#### [What you should do]
Write out the listing verbatim. No pictures belong in it.

#### [Available data]
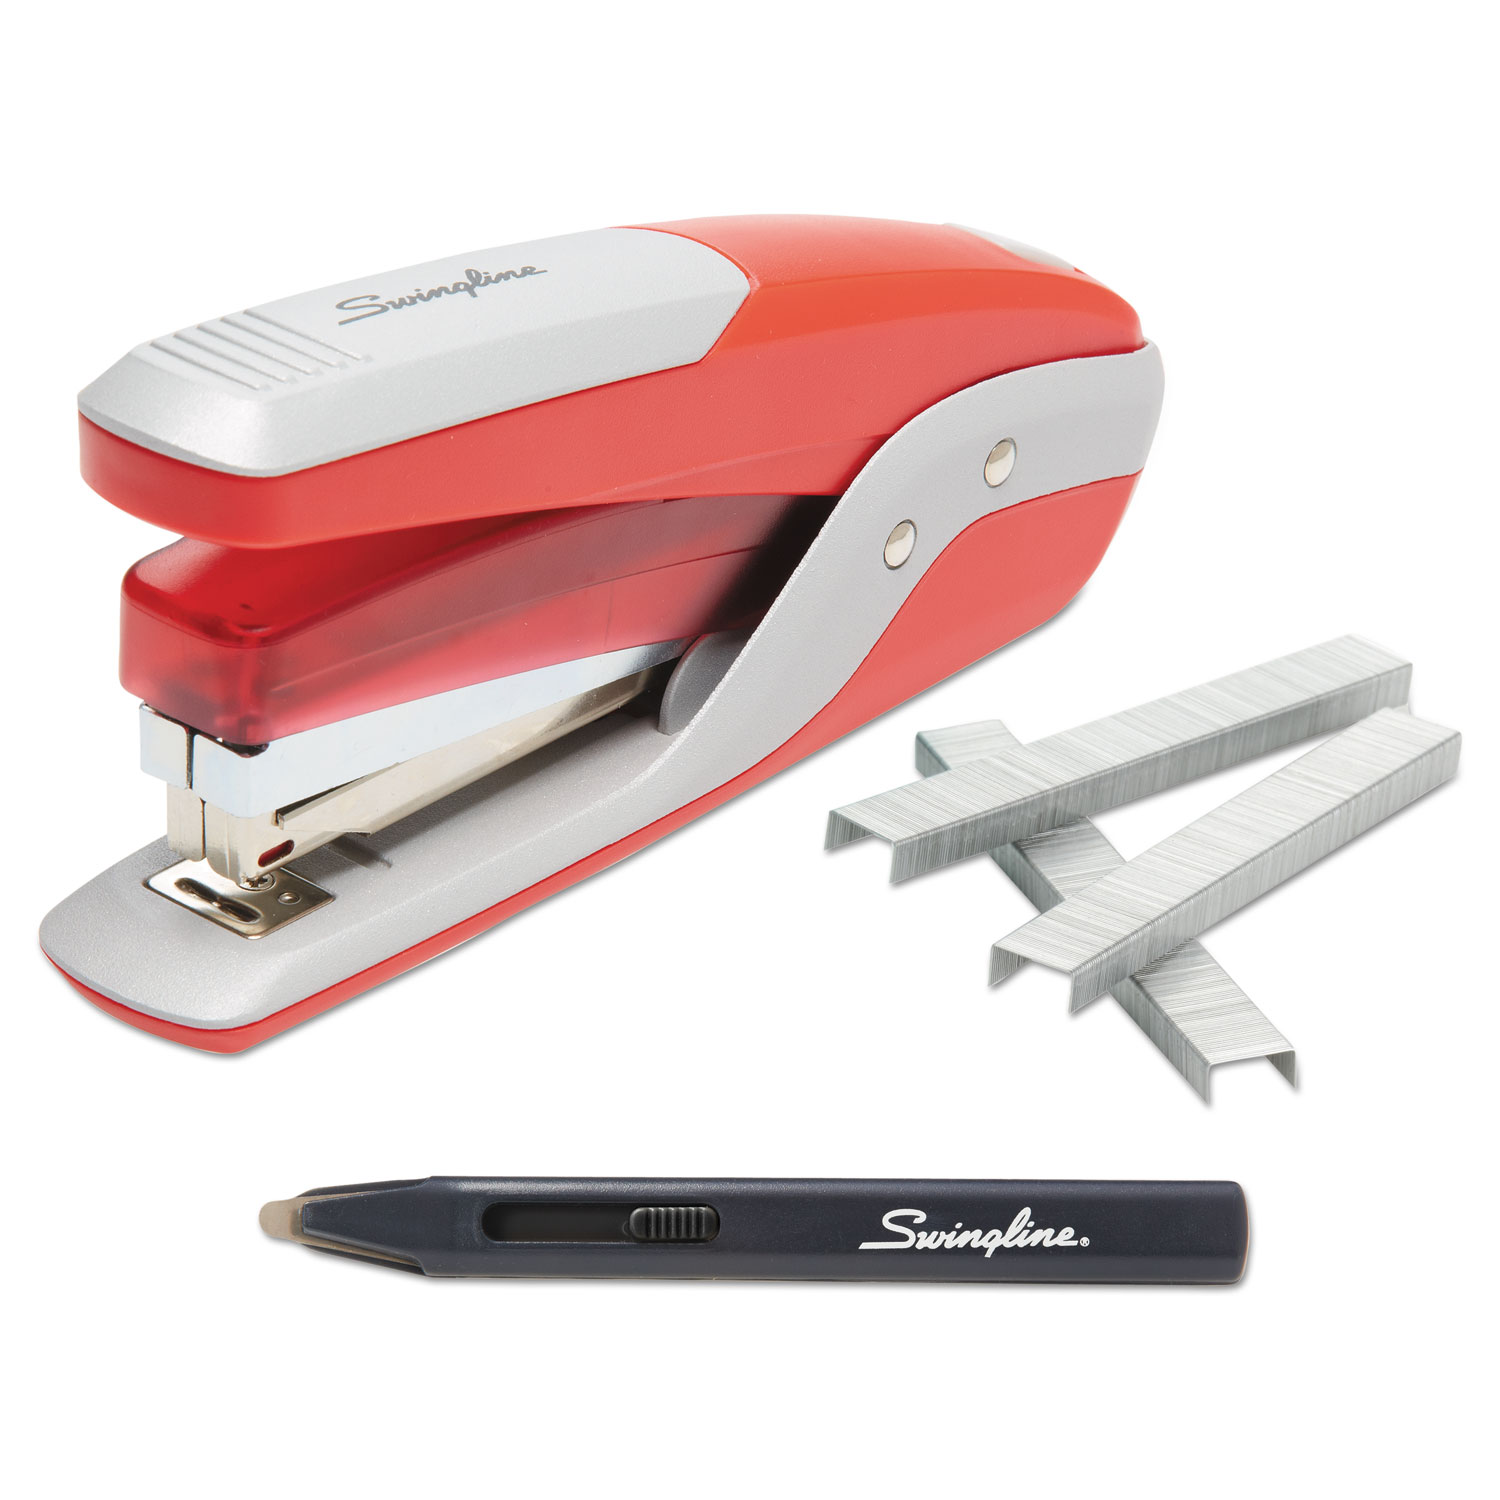  Swingline S7064589A Quick Touch Stapler Value Pack, 28-Sheet Capacity, Red/Silver (SWI64589) 
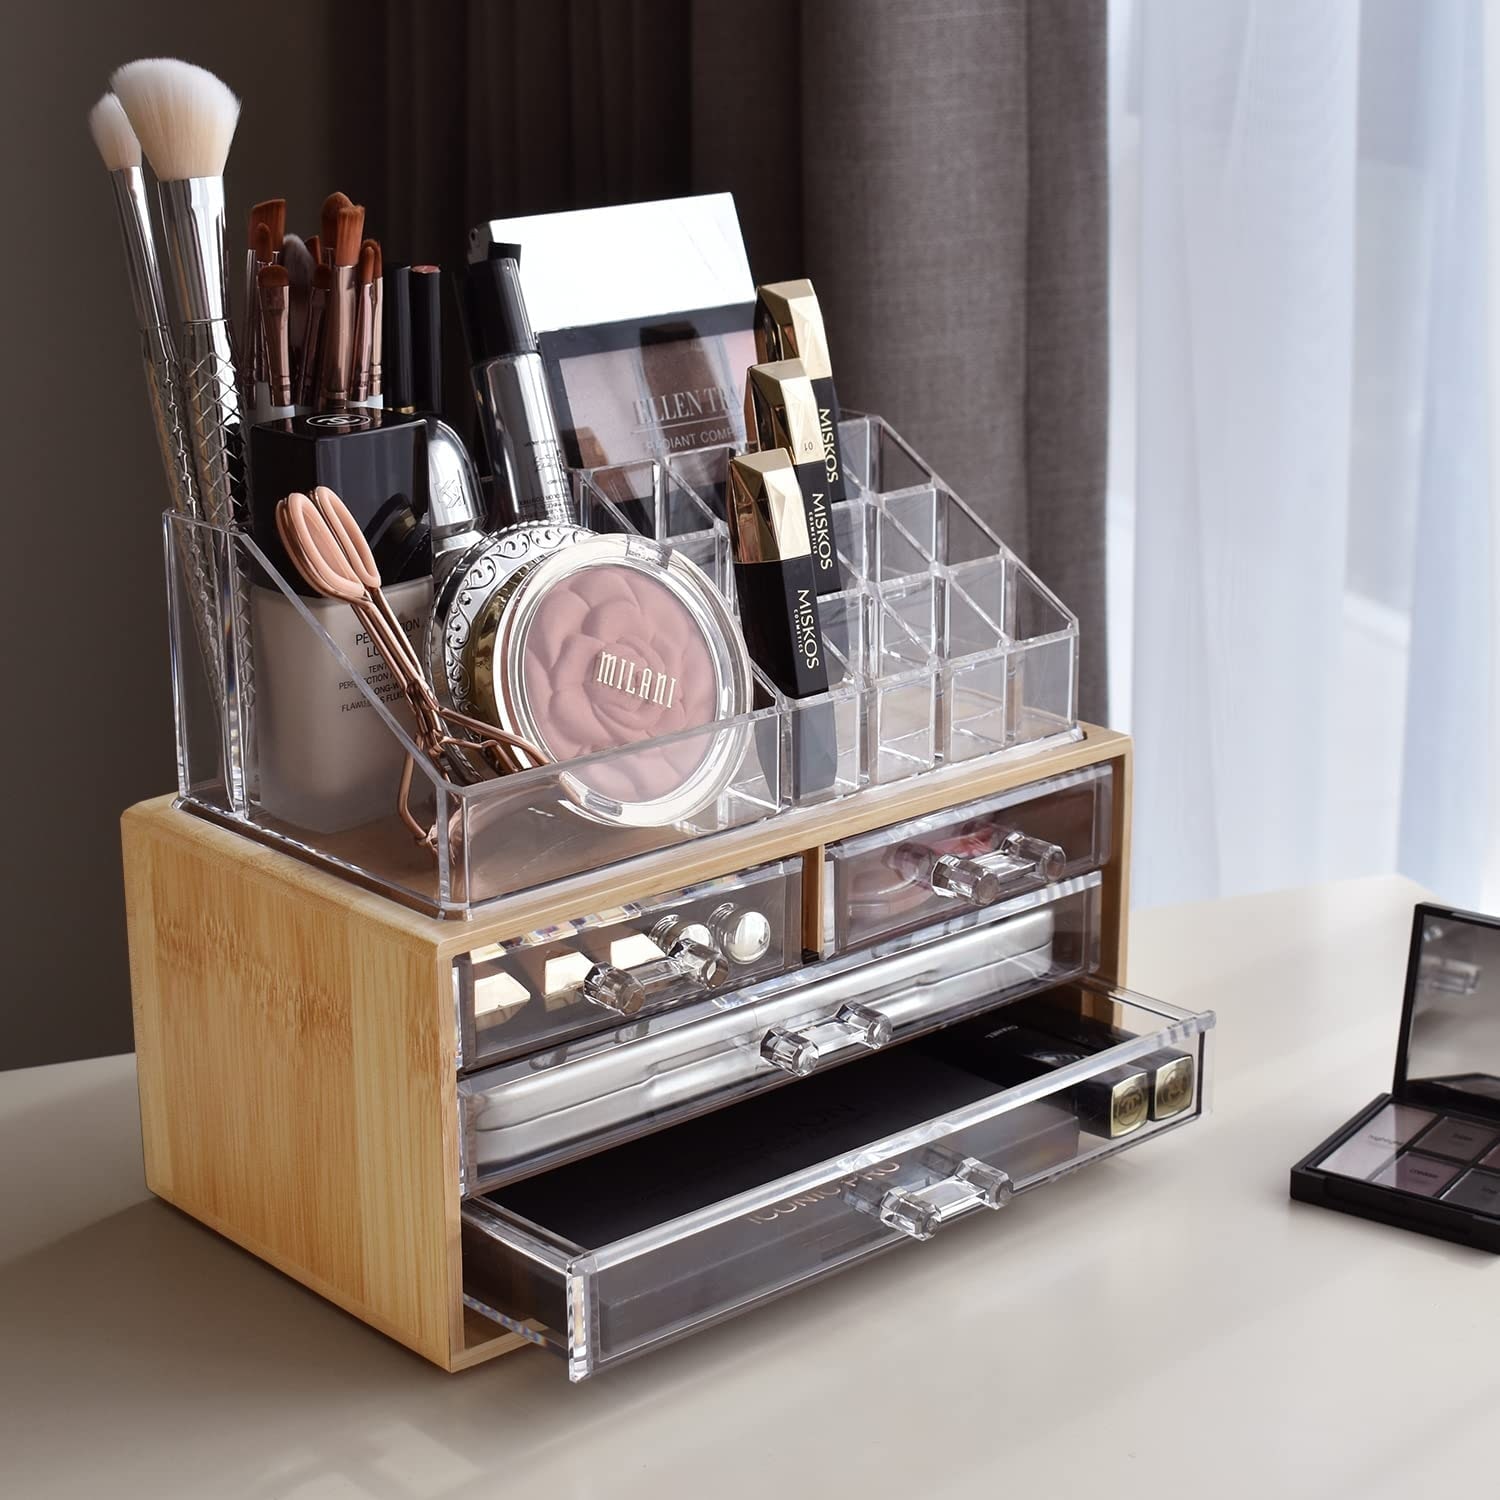 https://ak1.ostkcdn.com/images/products/is/images/direct/7bfe7ed0b5fb3fd76a71263fba89bb04ec66041b/Bamboo-Makeup-Organizer-with-4-Acrylic-Storage.jpg
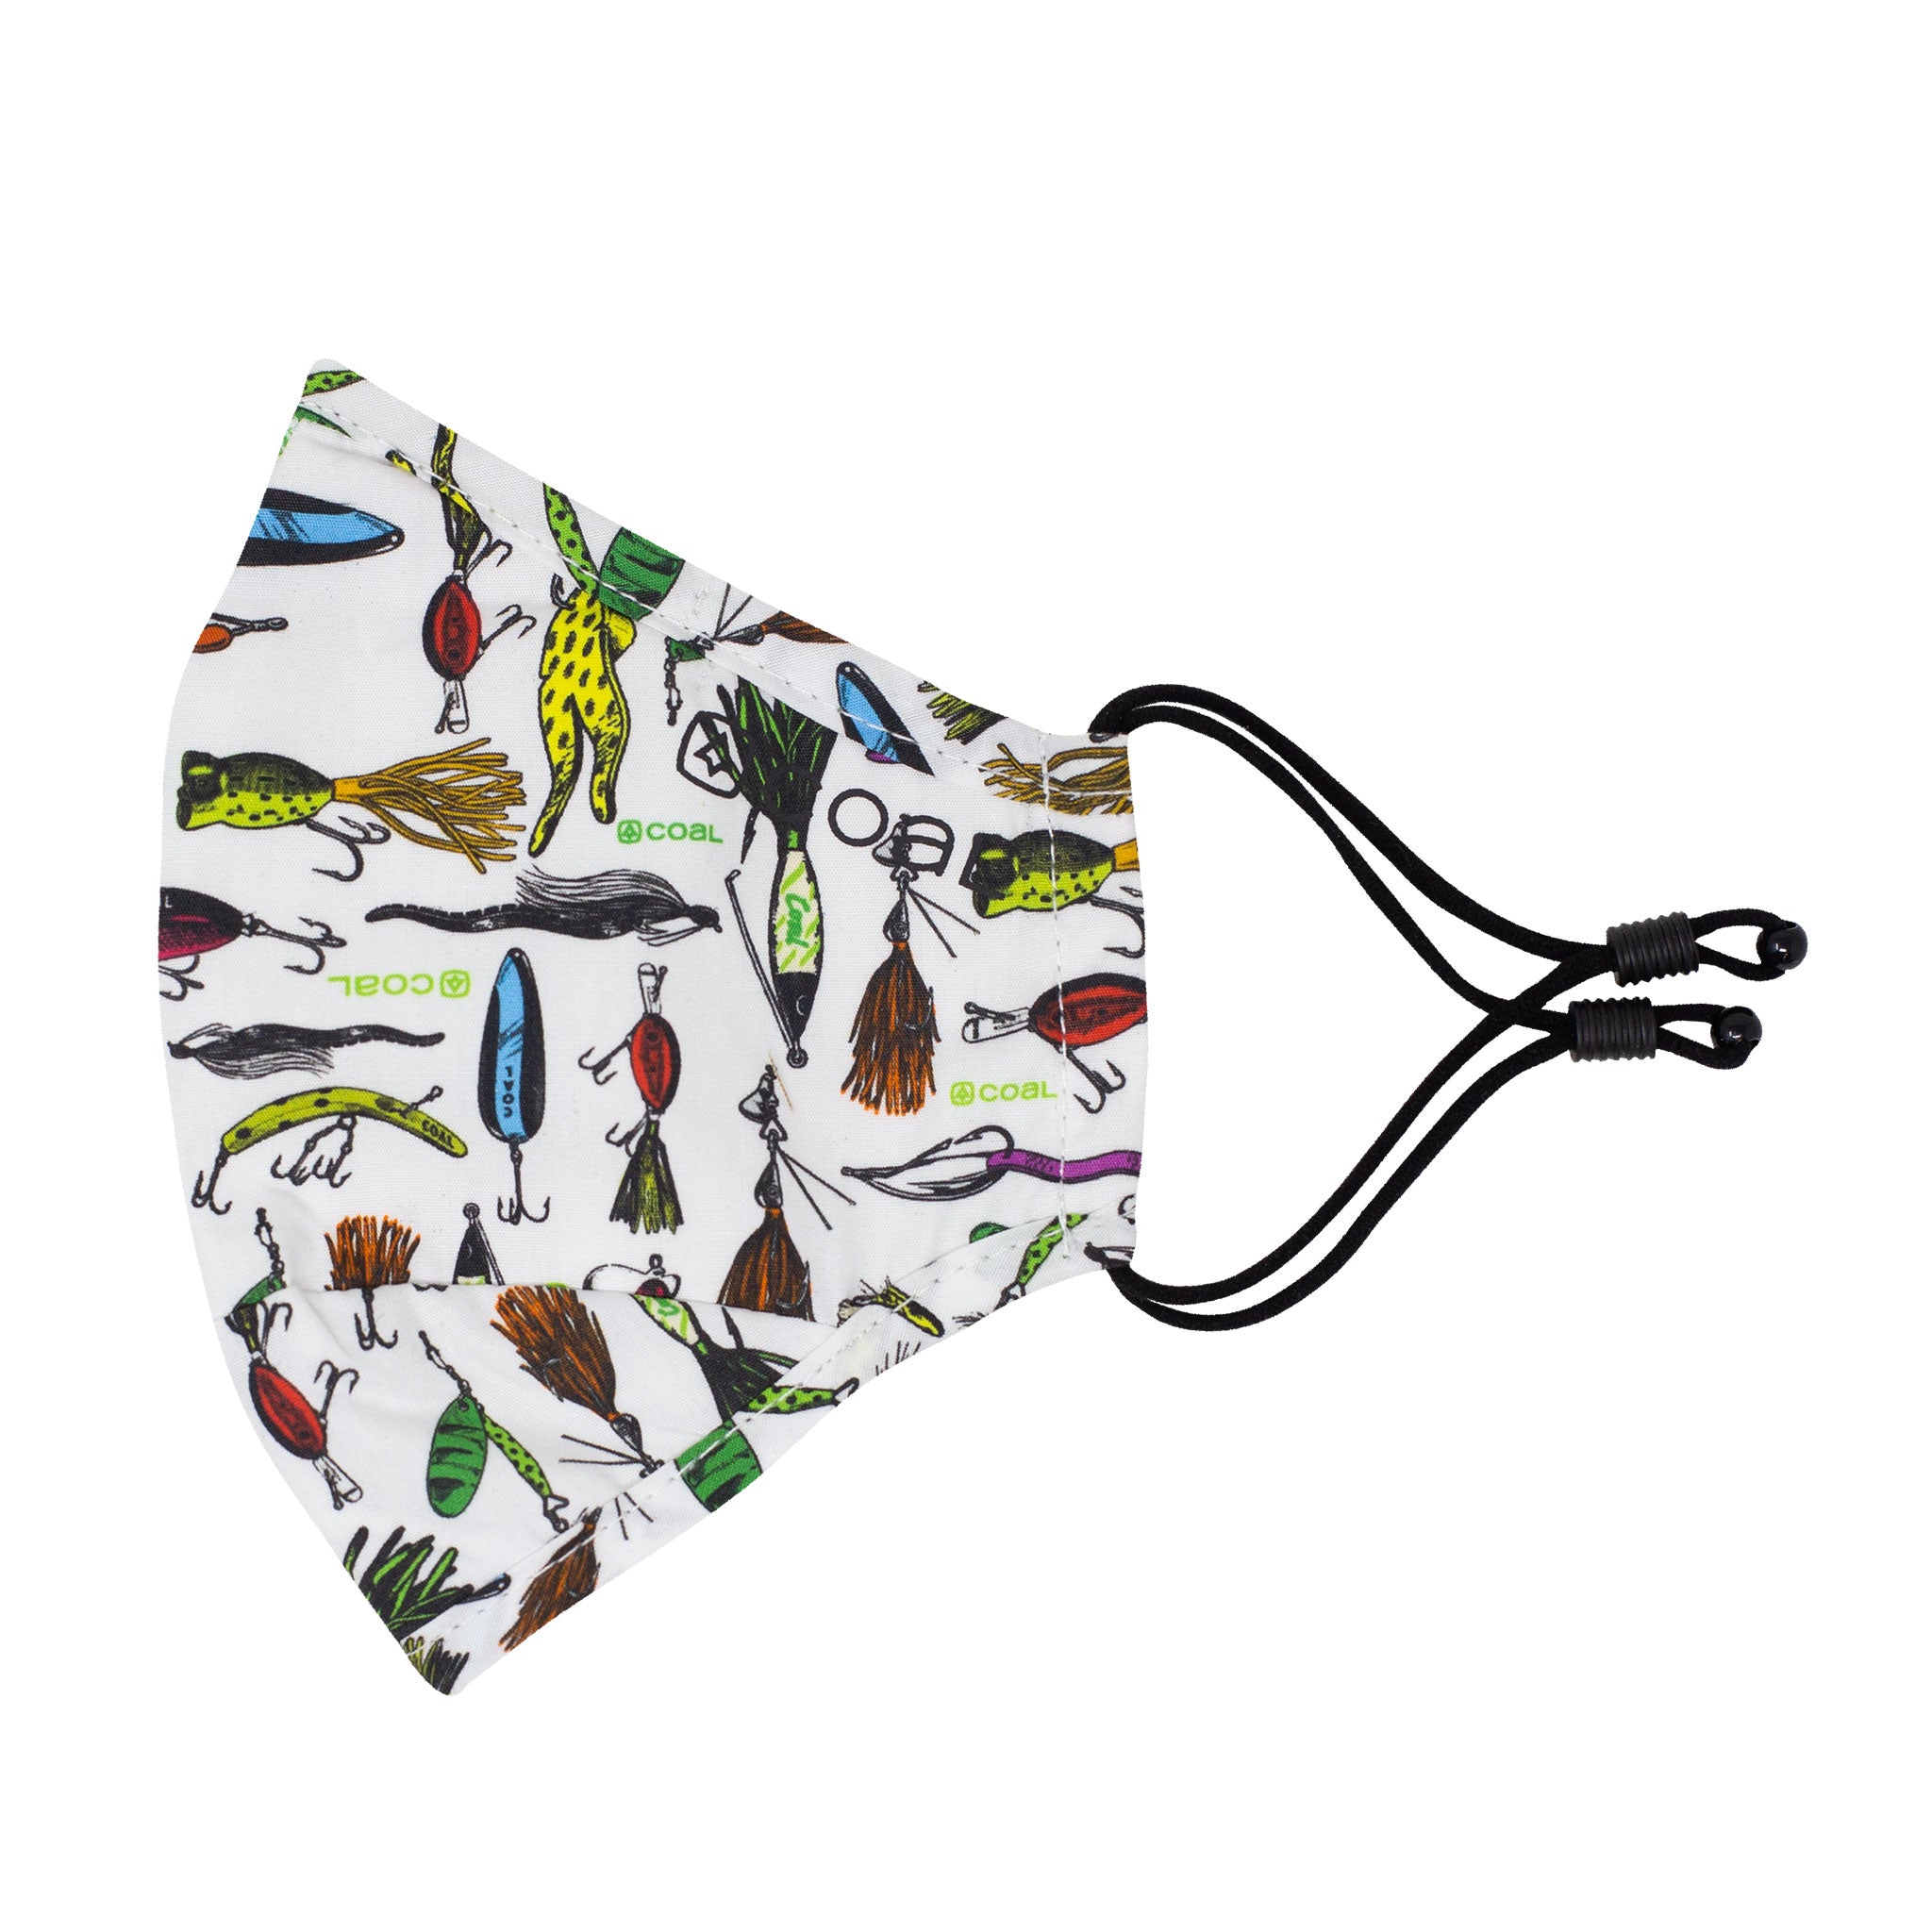 The Ergo Face Mask with Filter Pocket - Fishing Print, White Lure

#### [Expected answer]
  Swingline S7064589A Quick Touch Stapler Value Pack, 28-Sheet Capacity, Red/Silver (SWI64589) 
 https://ak1.ostkcdn.com/images/products/is/images/direct/7bfe7ed0b5fb3fd76a71263fba89bb04ec66041b/Bamboo-Makeup-Organizer-with-4-Acrylic-Storage.jpg
 The Ergo Face Mask with Filter Pocket - Fishing Print, White Lure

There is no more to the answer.